== Segment start ==

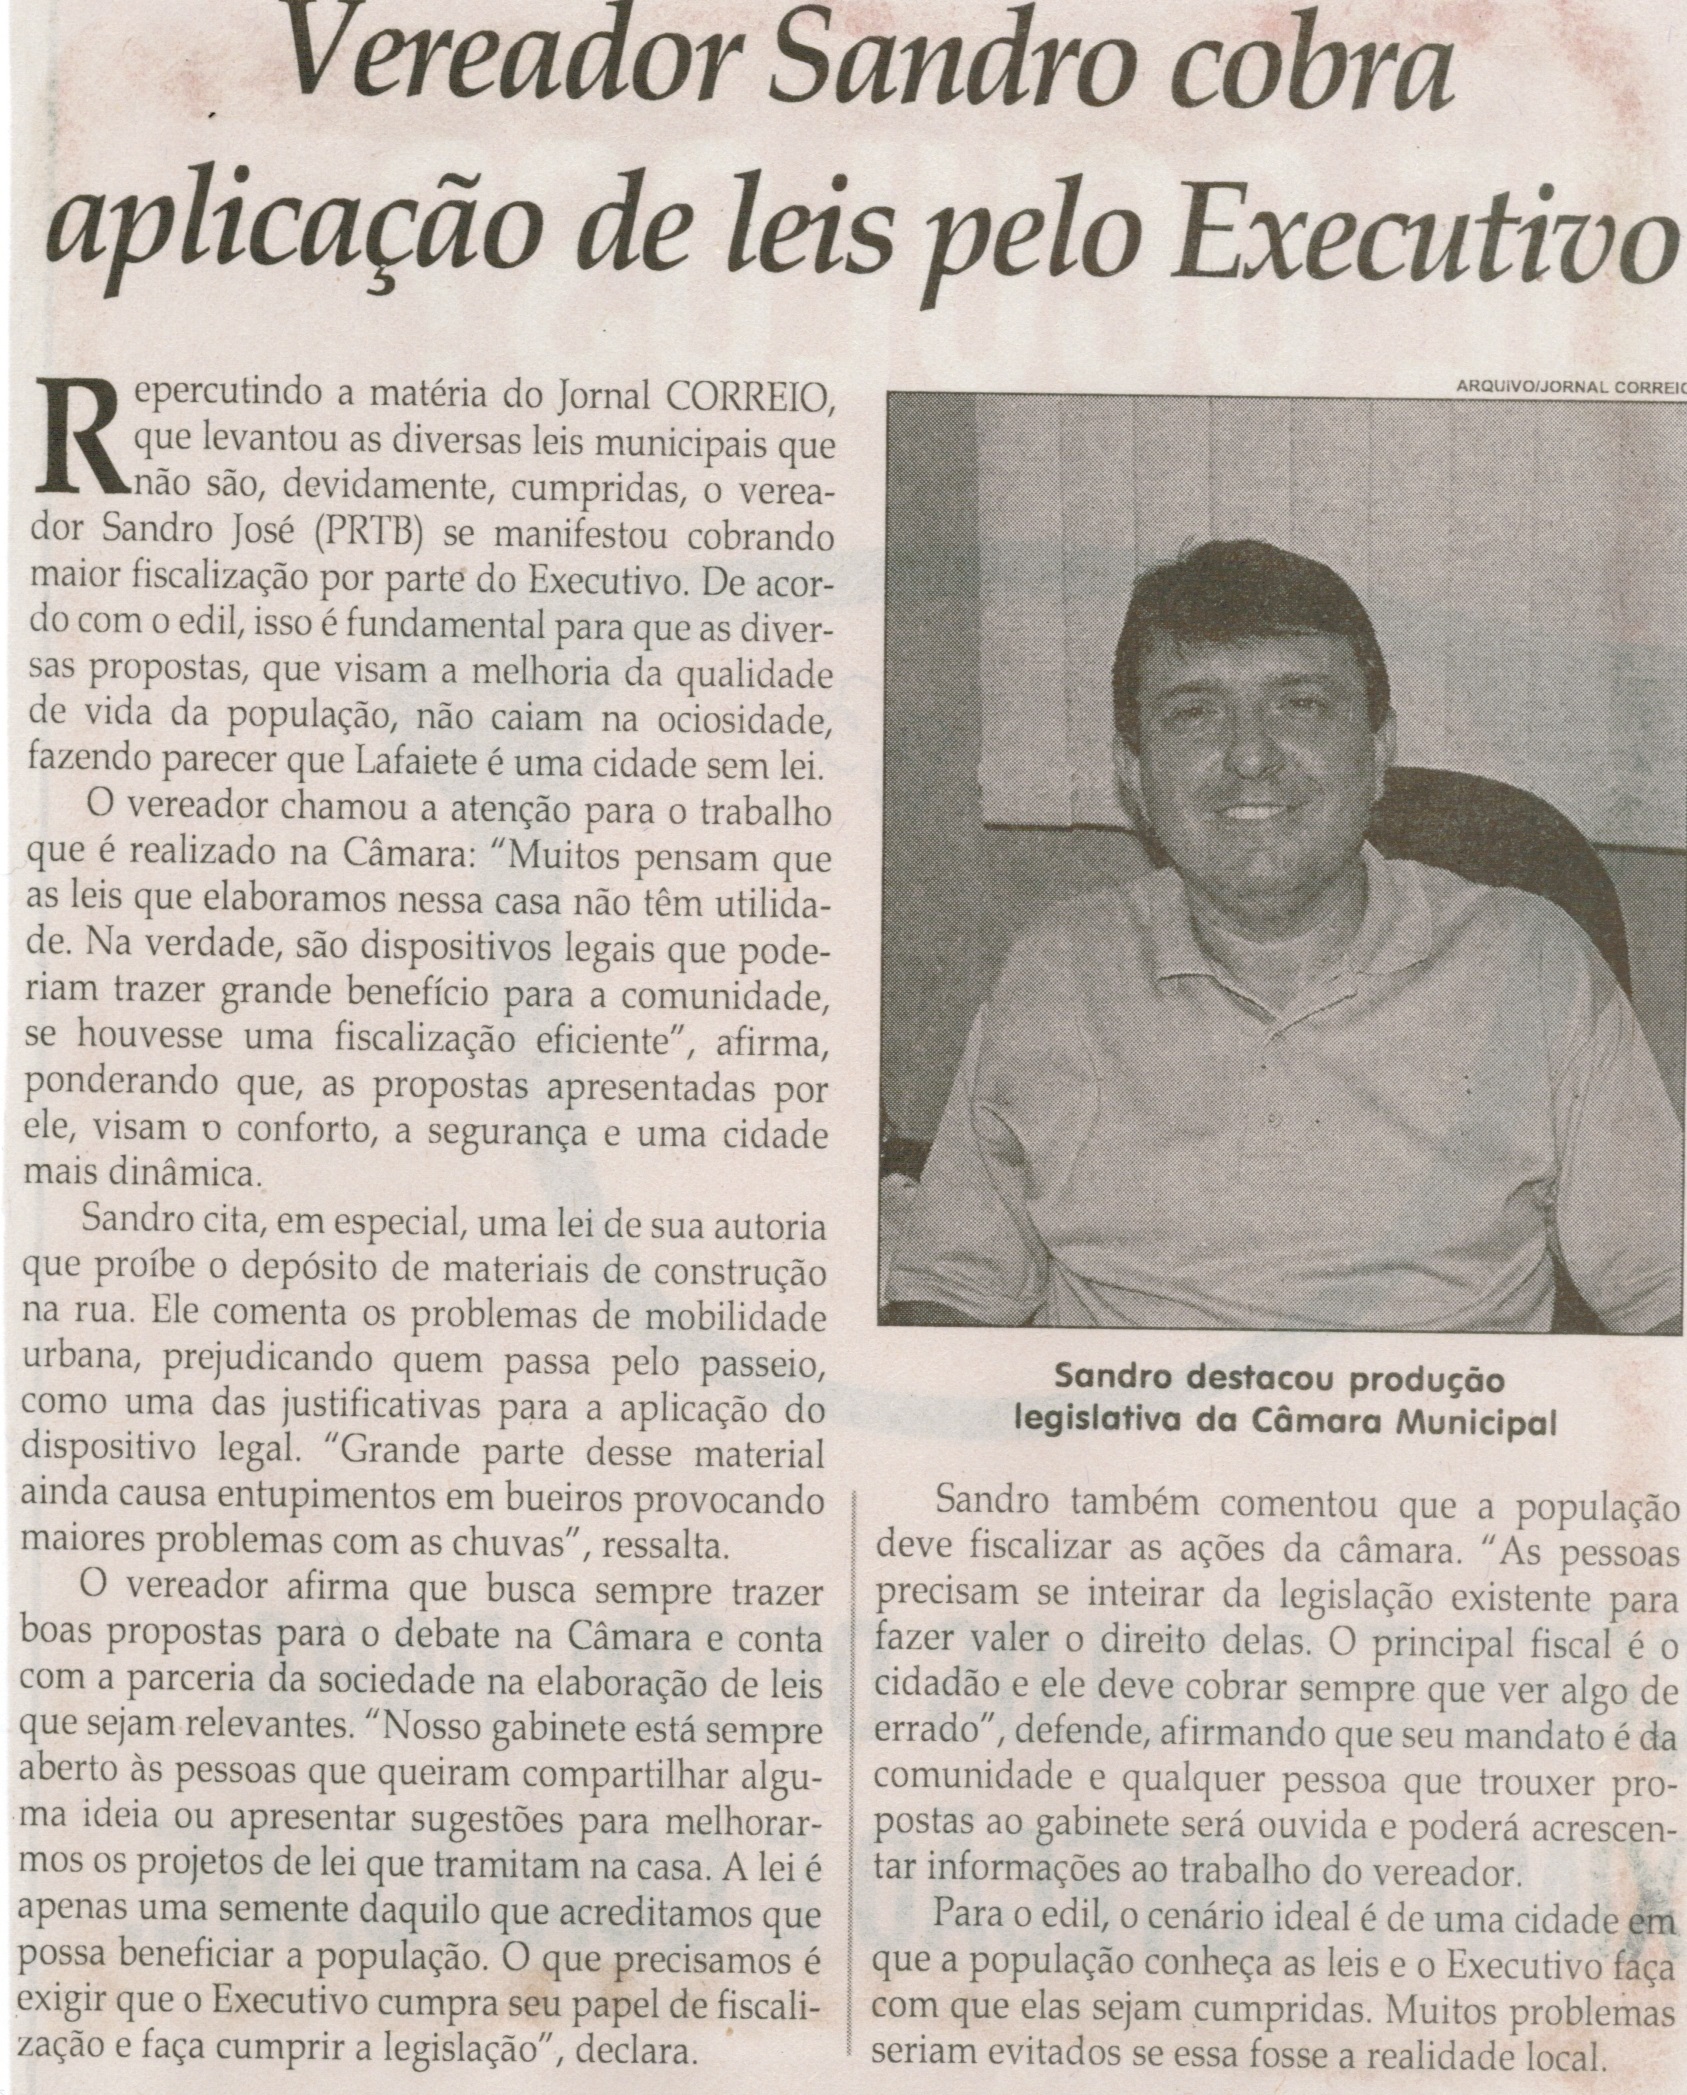 Vereador Sandro cobra aplicação de leis pelo Executivo. Jornal Correio da Cidade, Conselheiro Lafaiete, 28 fev. 2015, p. B3.
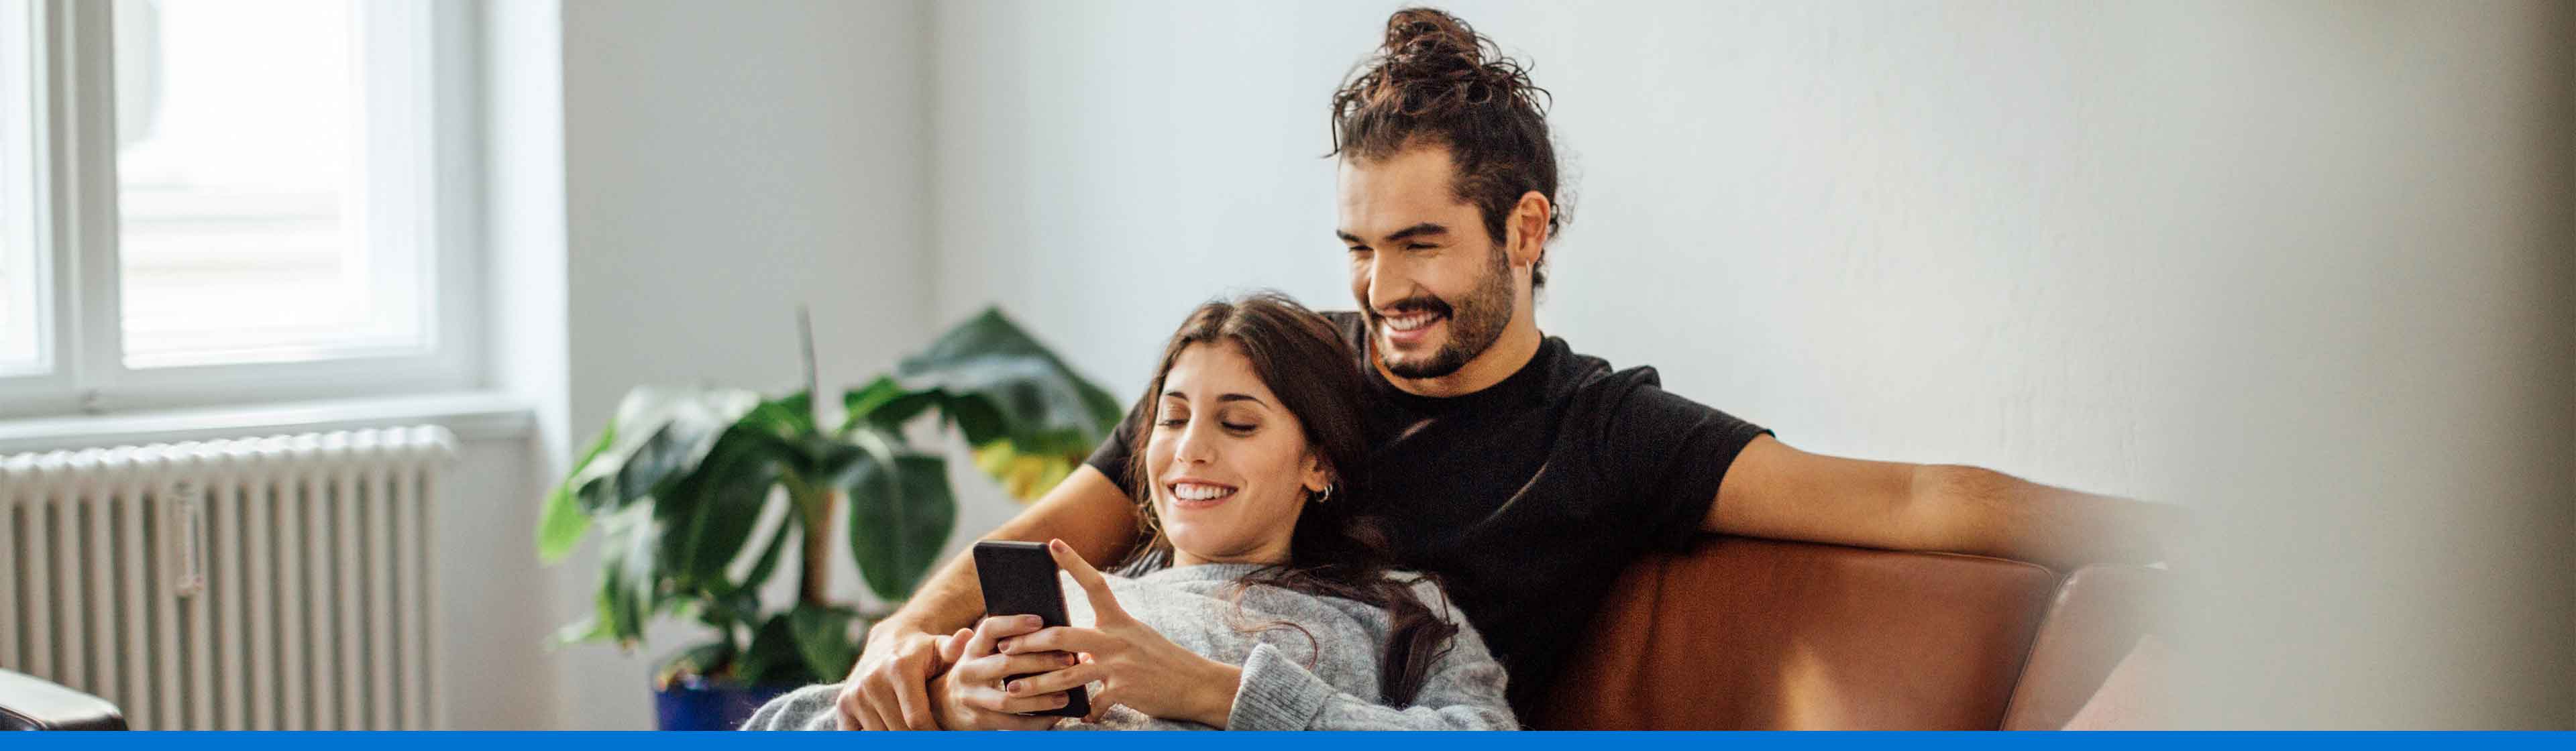 pareja feliz mirando su celular
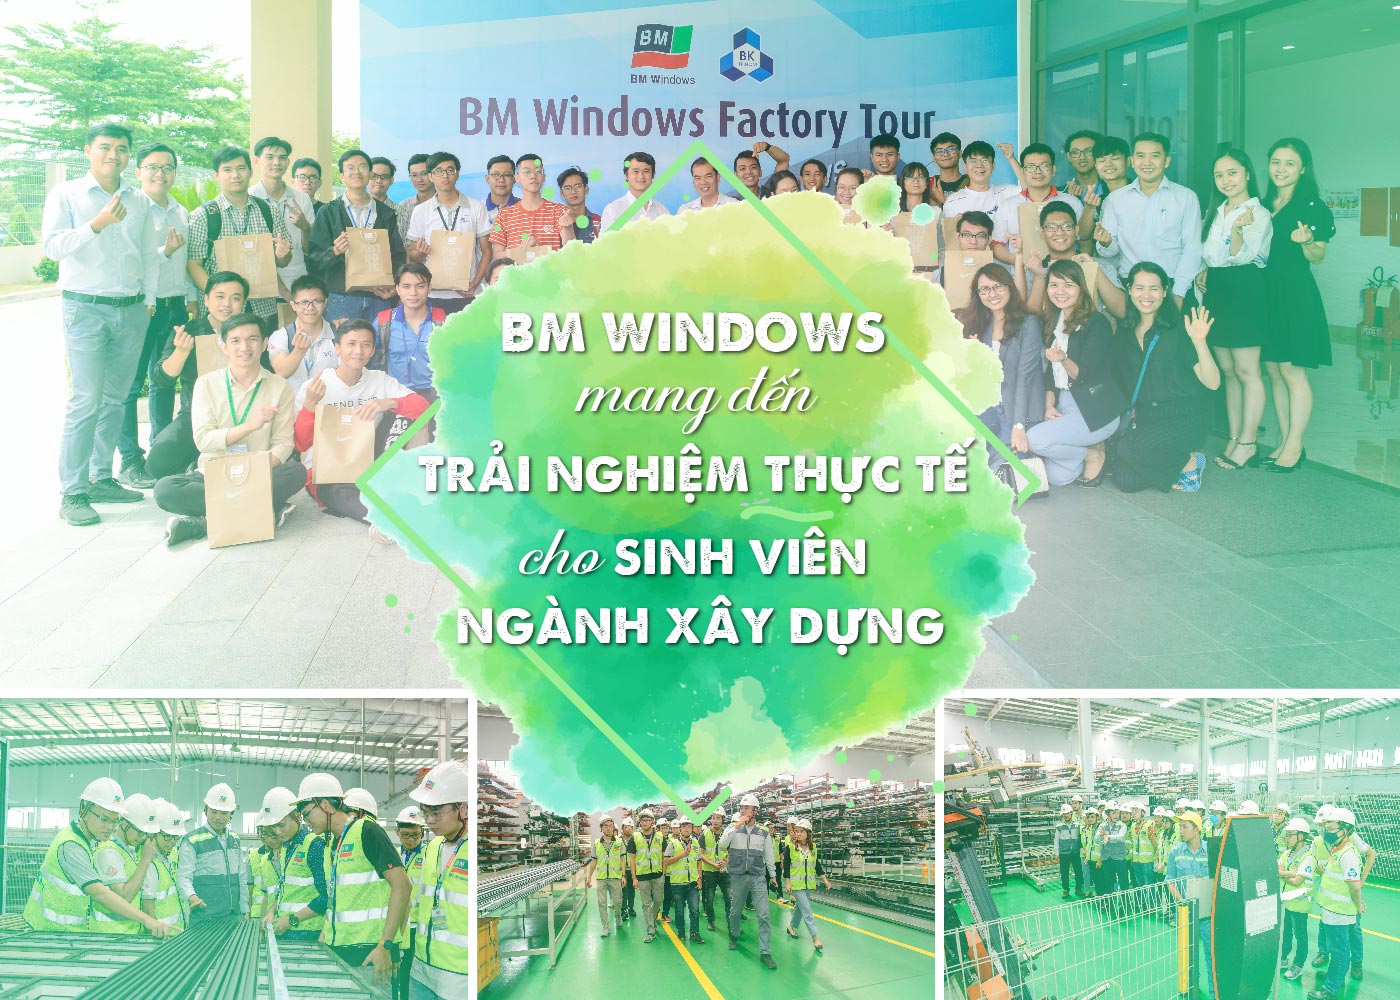 BM Windows mang đến trải nghiệm thực tế cho sinh viên ngành xây dựng - Ảnh 1
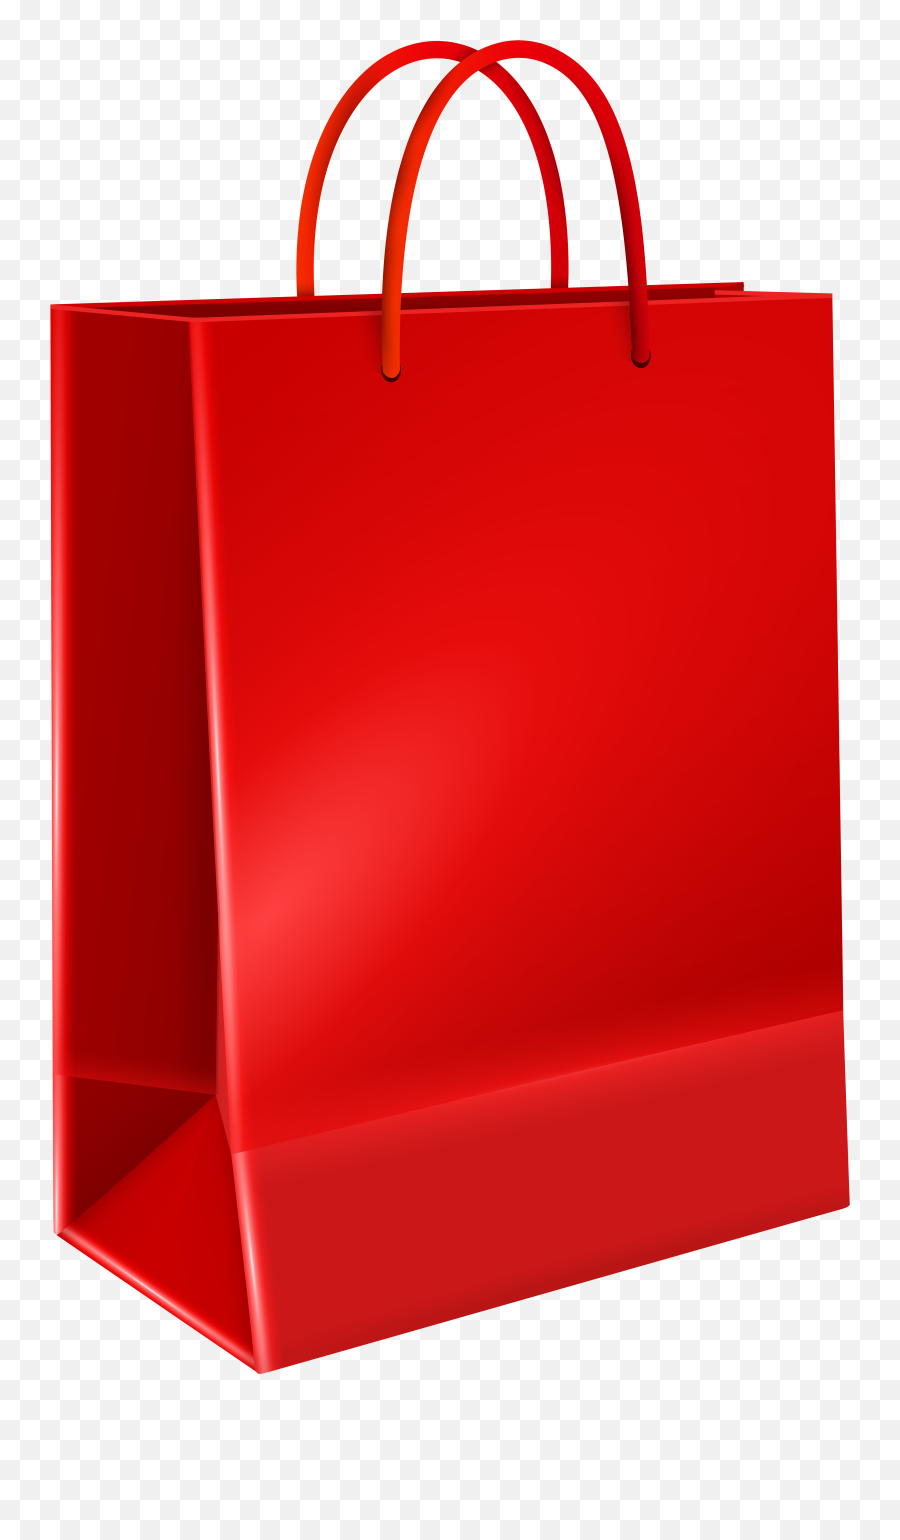 Red Gift Bag Png U0026 Free Bagpng Transparent Images - Christmas Gift Bag Transparent Background,Gift Transparent Background

== Segment end ==

■ WORK REQUIRED:
Your task is to retype exactly, and only, the lines from the one that holds "BM Windows mang" through the end of the listing, both end lines included, without any pictures.

■ SOLUTION TO THE PROBLEM:
 BM Windows mang đến trải nghiệm thực tế cho sinh viên ngành xây dựng - Ảnh 1
 Red Gift Bag Png U0026 Free Bagpng Transparent Images - Christmas Gift Bag Transparent Background,Gift Transparent Background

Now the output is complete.